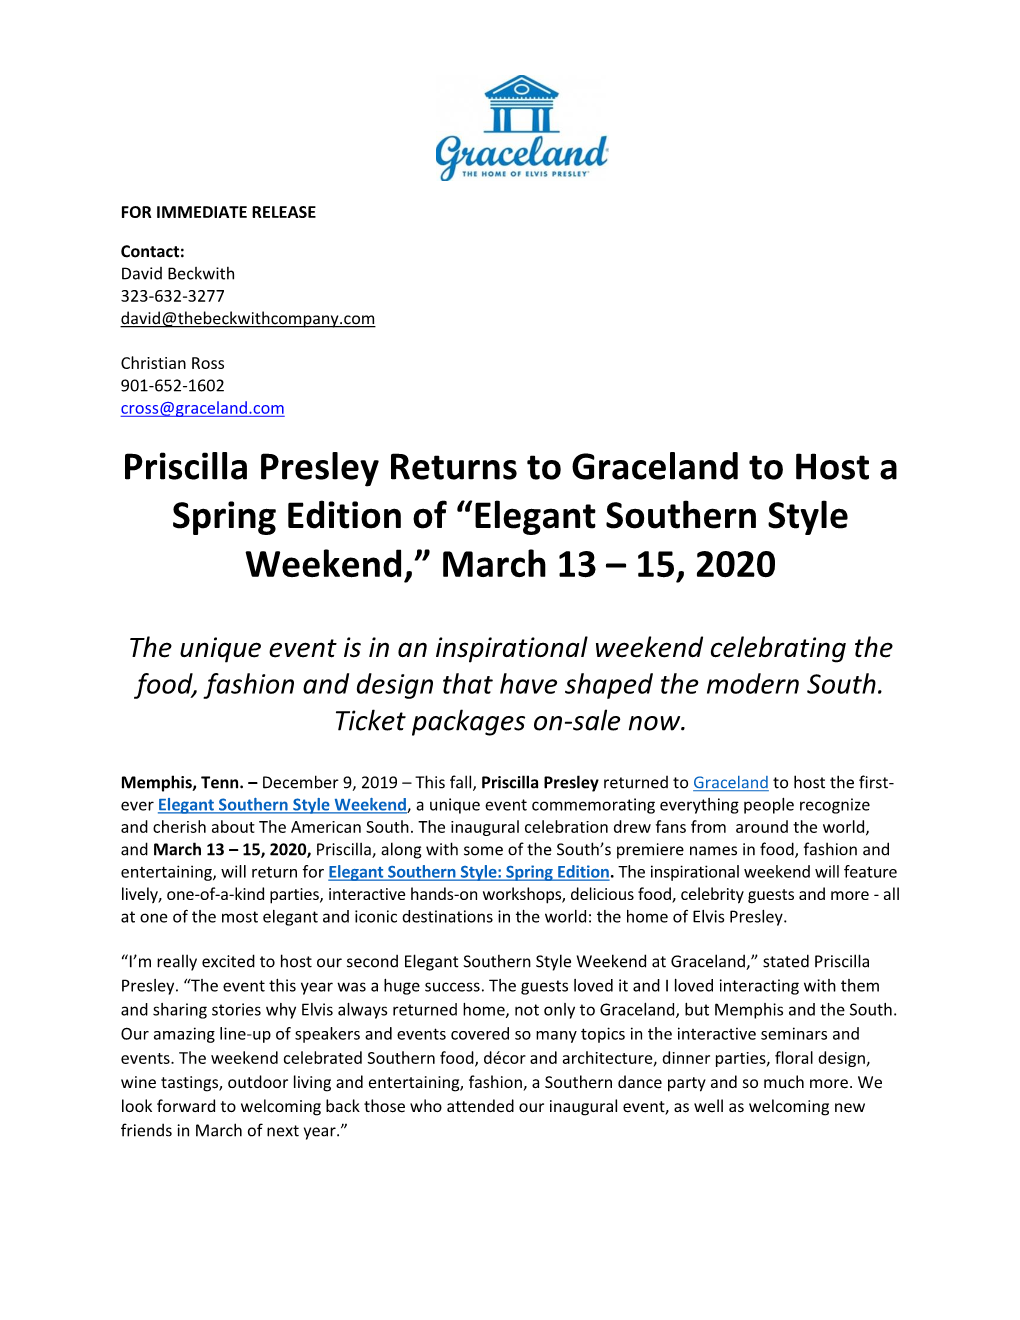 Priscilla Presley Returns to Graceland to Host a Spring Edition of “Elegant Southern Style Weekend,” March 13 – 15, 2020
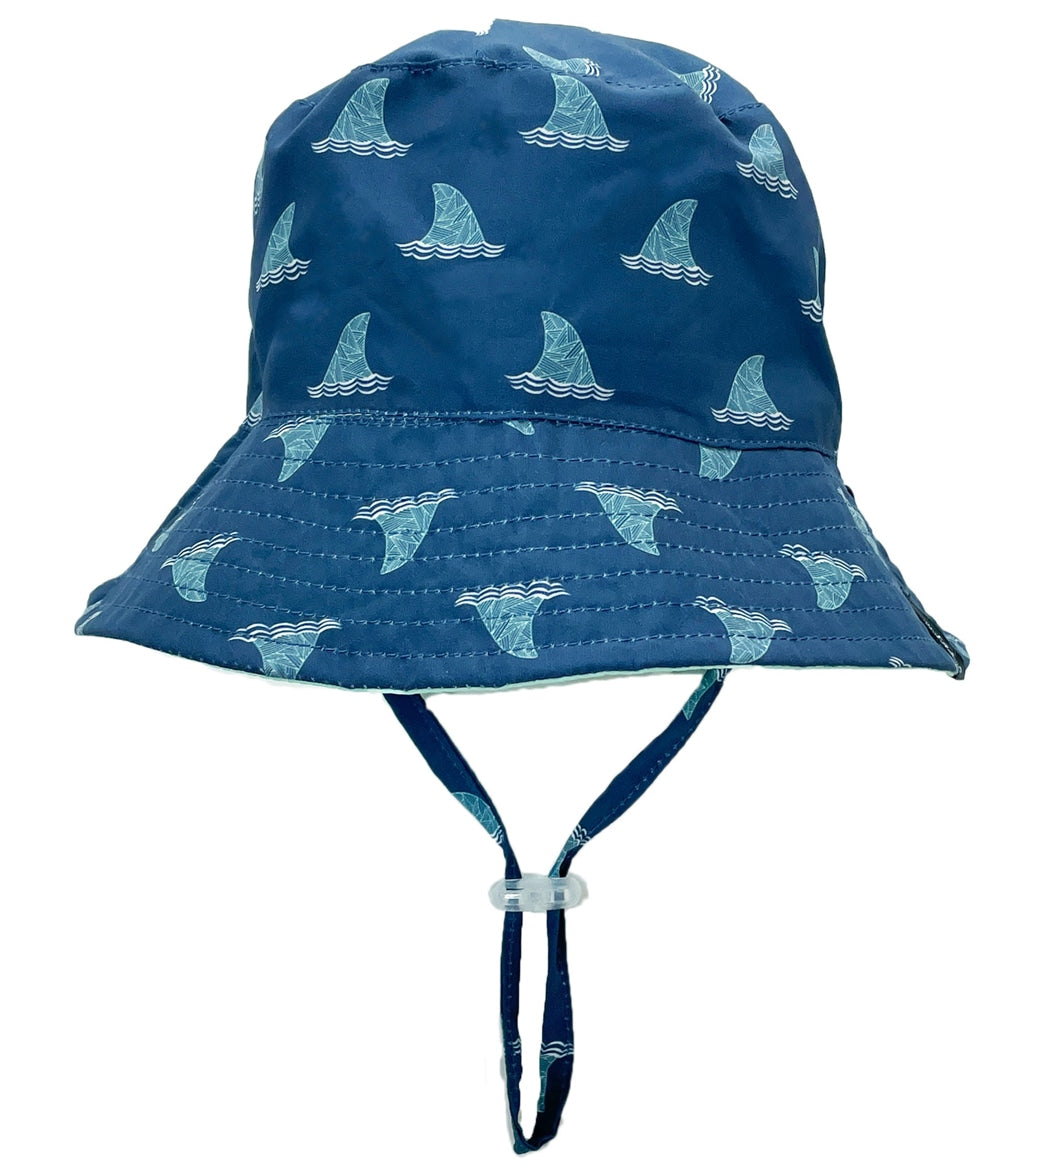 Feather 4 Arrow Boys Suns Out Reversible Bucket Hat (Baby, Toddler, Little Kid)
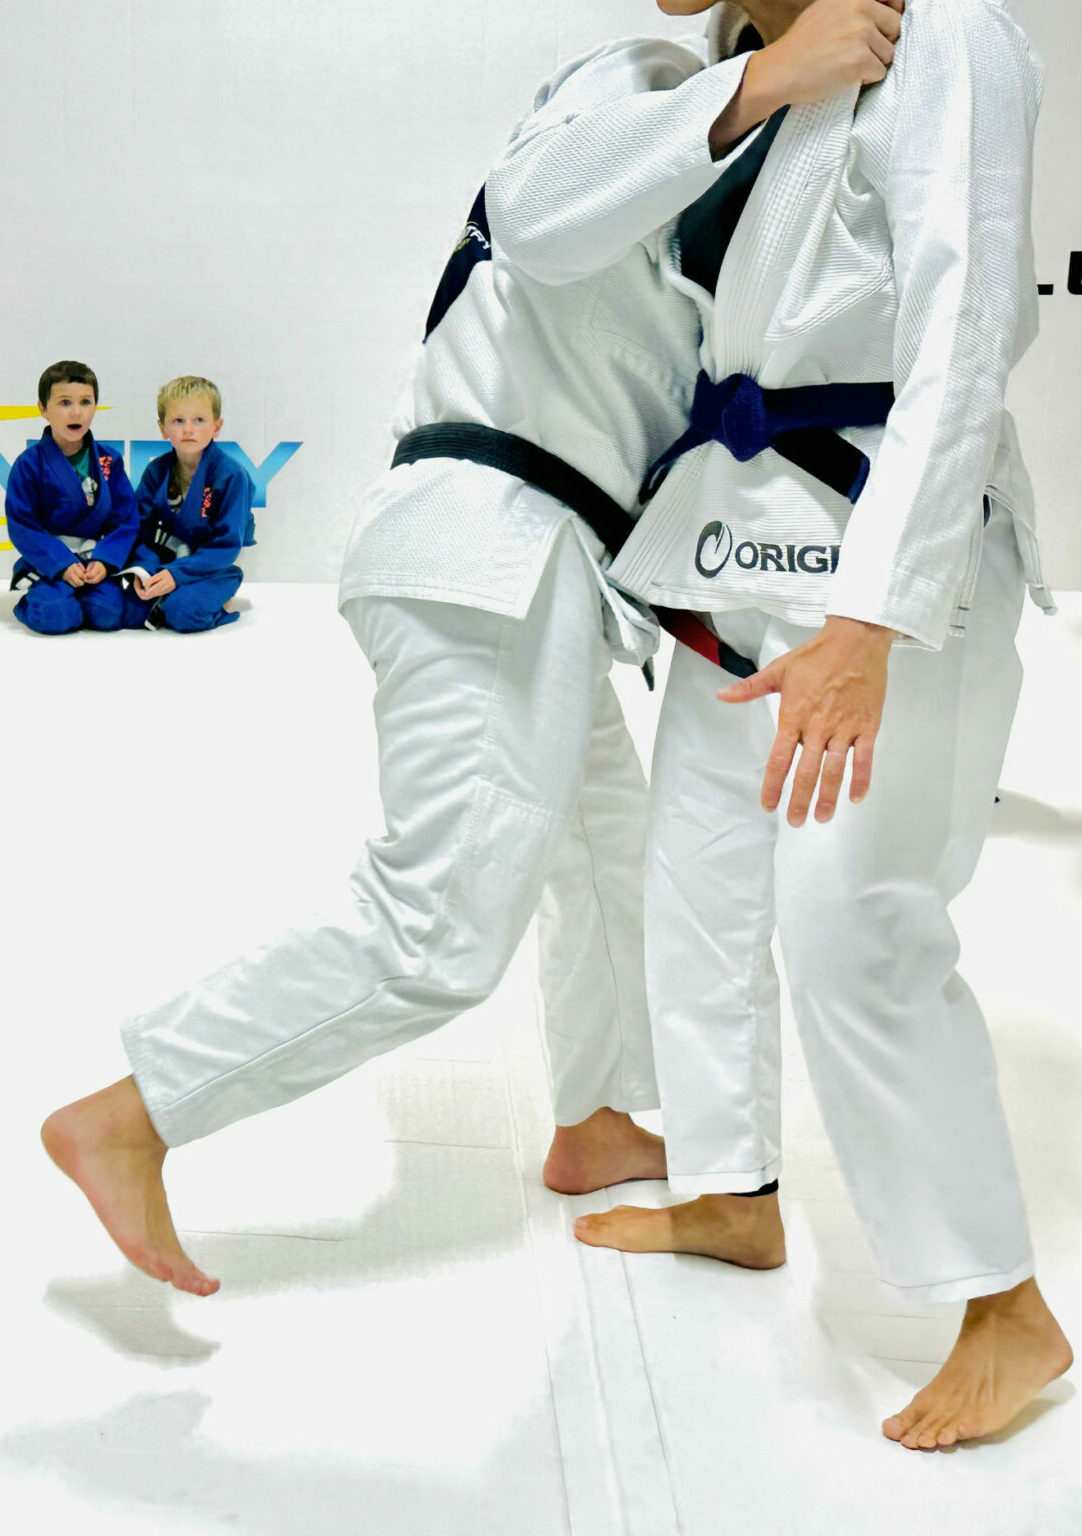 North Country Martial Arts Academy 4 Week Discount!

- **EXERCISE PROMPT**: Pictures are to be omitted. The lines from the line holding "Feather 4 Arrow" through the closing line of the data above are to be set down exactly, and nothing more.

- **EXERCISE ANSWER**:
 Feather 4 Arrow Boys Suns Out Reversible Bucket Hat (Baby, Toddler, Little Kid)
 North Country Martial Arts Academy 4 Week Discount!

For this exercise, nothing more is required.